The aforementioned widow who owns the land is Carey Mulligan’s Edith Pretty. It’s her hiring of Basil – who prefers working outside a museum curator’s oversight – that first sets shovel to dirt...although he and his pseudo-employer are at odds over which mound is more likely to yield findings. Played by Fiennes with a dedicated warmth that envelops you into the pensive grace of his labor, Basil gently nudges away Edith’s instincts to follow his own. Where does that get him? Well, not quite to the potential that the eye-catching terrestrial acne of Edith’s backyard holds. He finds a lone, too-brittle artifact before briefly being buried alive—a literalization of being in over his head and also the immediate fallout of the inscrutable Edith attempting to excavate what’s keeping her buried in her own. Bigger discoveries await where she initially had “a feeling” they might reside and established archaeologists will soon arrive, some to cheerfully assist and others to lightly antagonize—muddying the narrative, introducing expendable new relationships and otherwise muting the double-character study that makes up the film’s first half in a half-hearted bid to scope out more cosmic revelations.

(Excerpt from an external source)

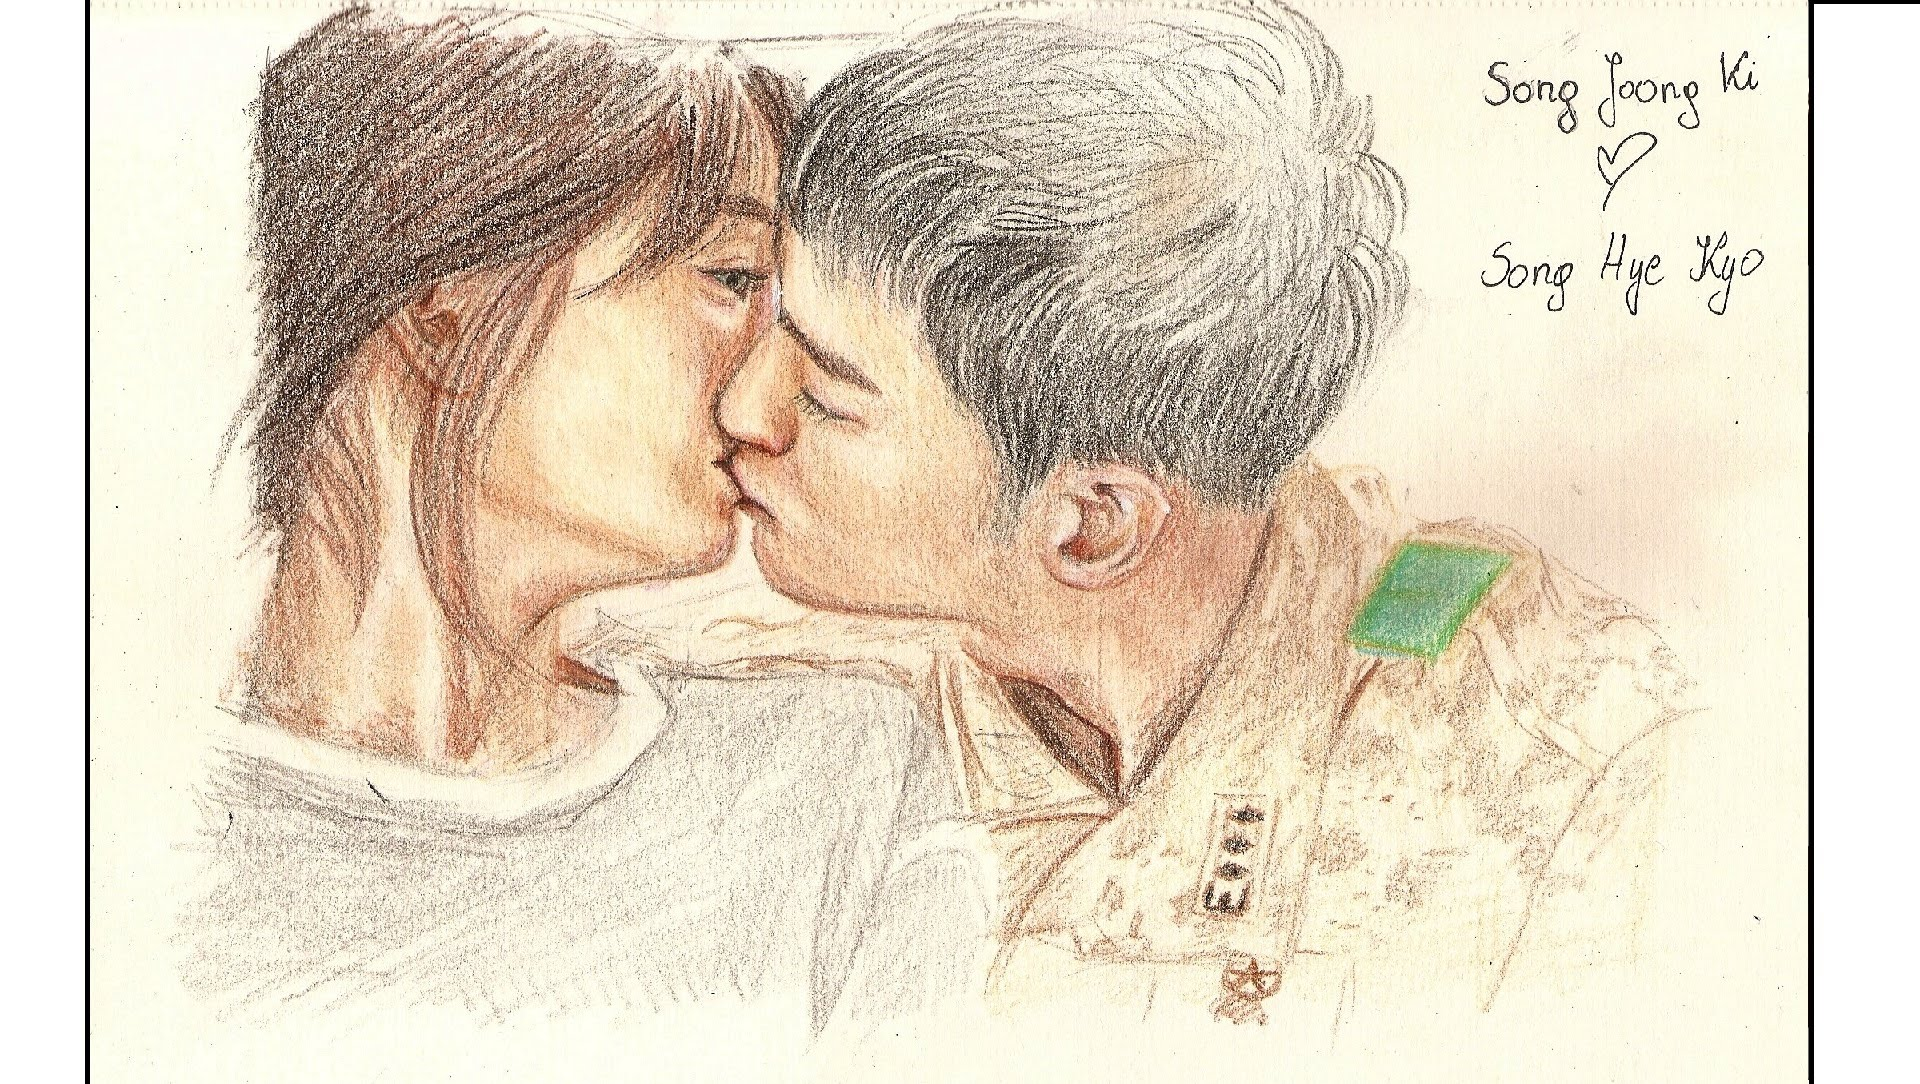 1920x1084 Song Joong Ki Kiss Song Hye Kyo Speed Drawing Descendants
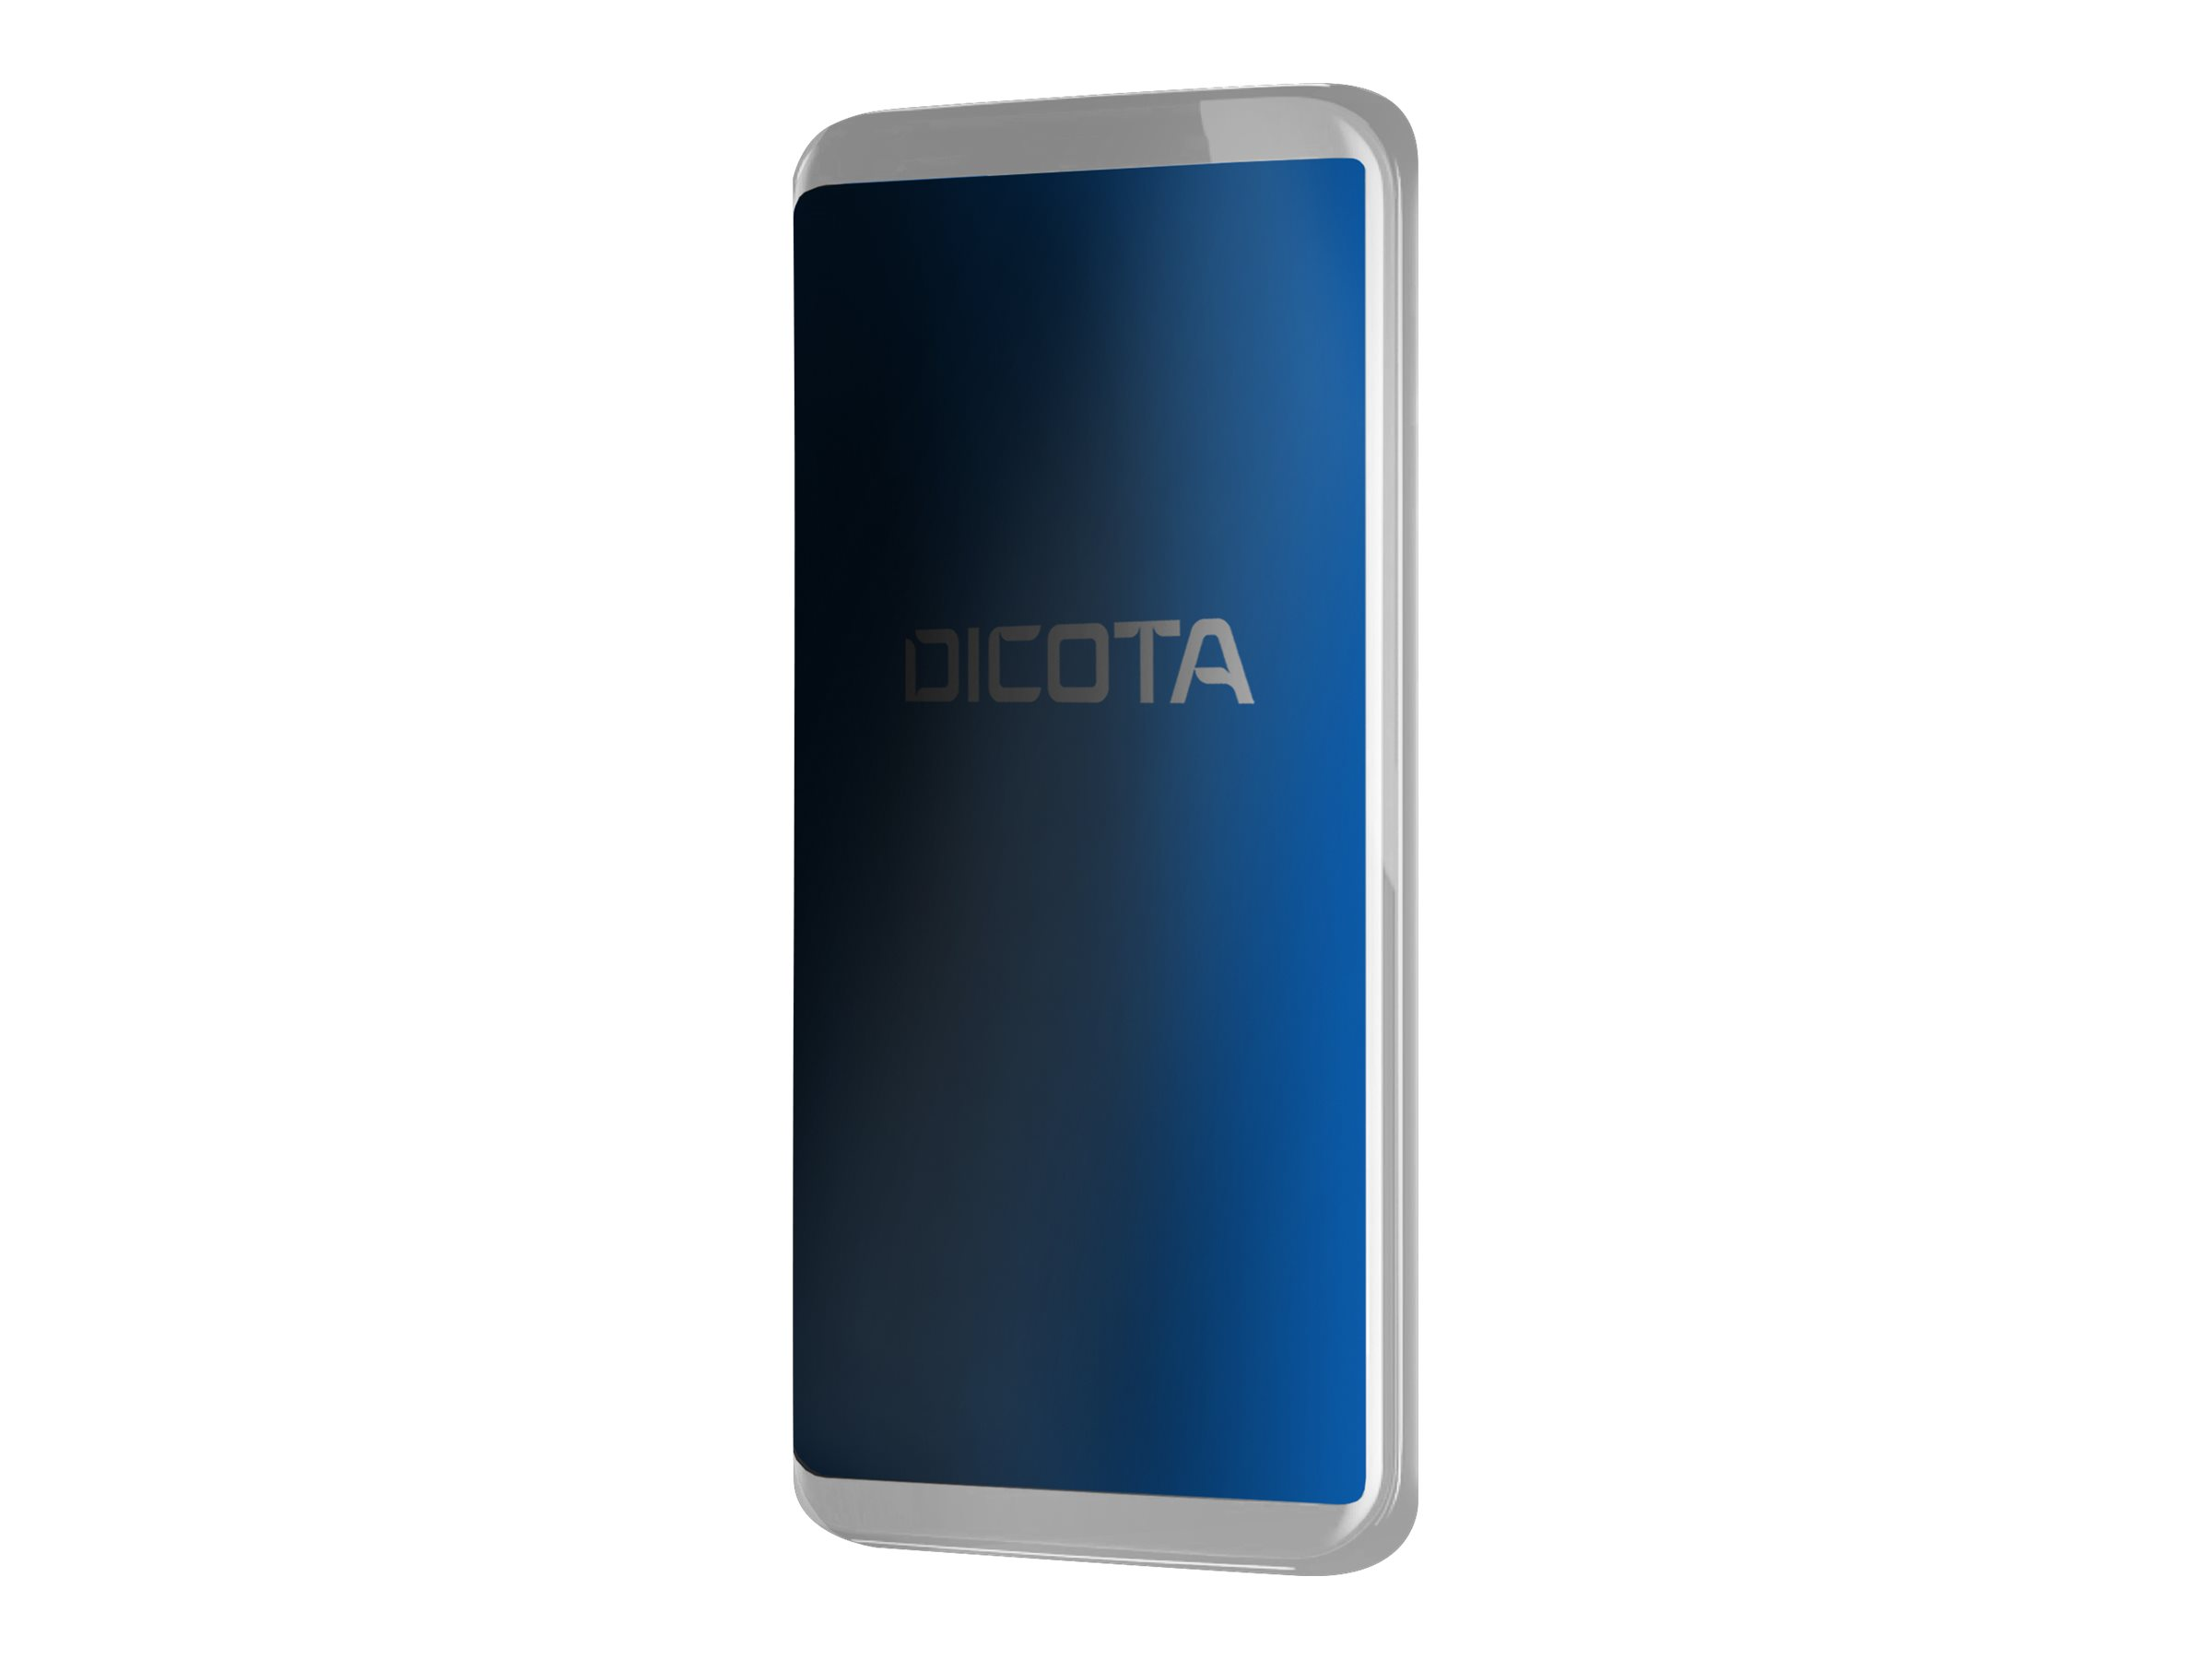 Dicota Privacy Filter - Blickschutzfilter - 4-Wege

The events of “The Dig” are rooted in reality, and if nothing else director Simon Stone’s effort functions as retroactive tribute to Basil’s contributions in the 1939 discovery at Sutton Hoo—widely considered one of the most important in England’s history, and for which he was uncredited for until recently. Such an ironing-out of the facts pertaining to historic scientific achievement is quickly becoming a trendy subgenre; last year’s “Ammonite” and “Radioactive” were also keen on venting steam for how history will remember paleontologist Mary Anning and physicist Marie Curie, respectively.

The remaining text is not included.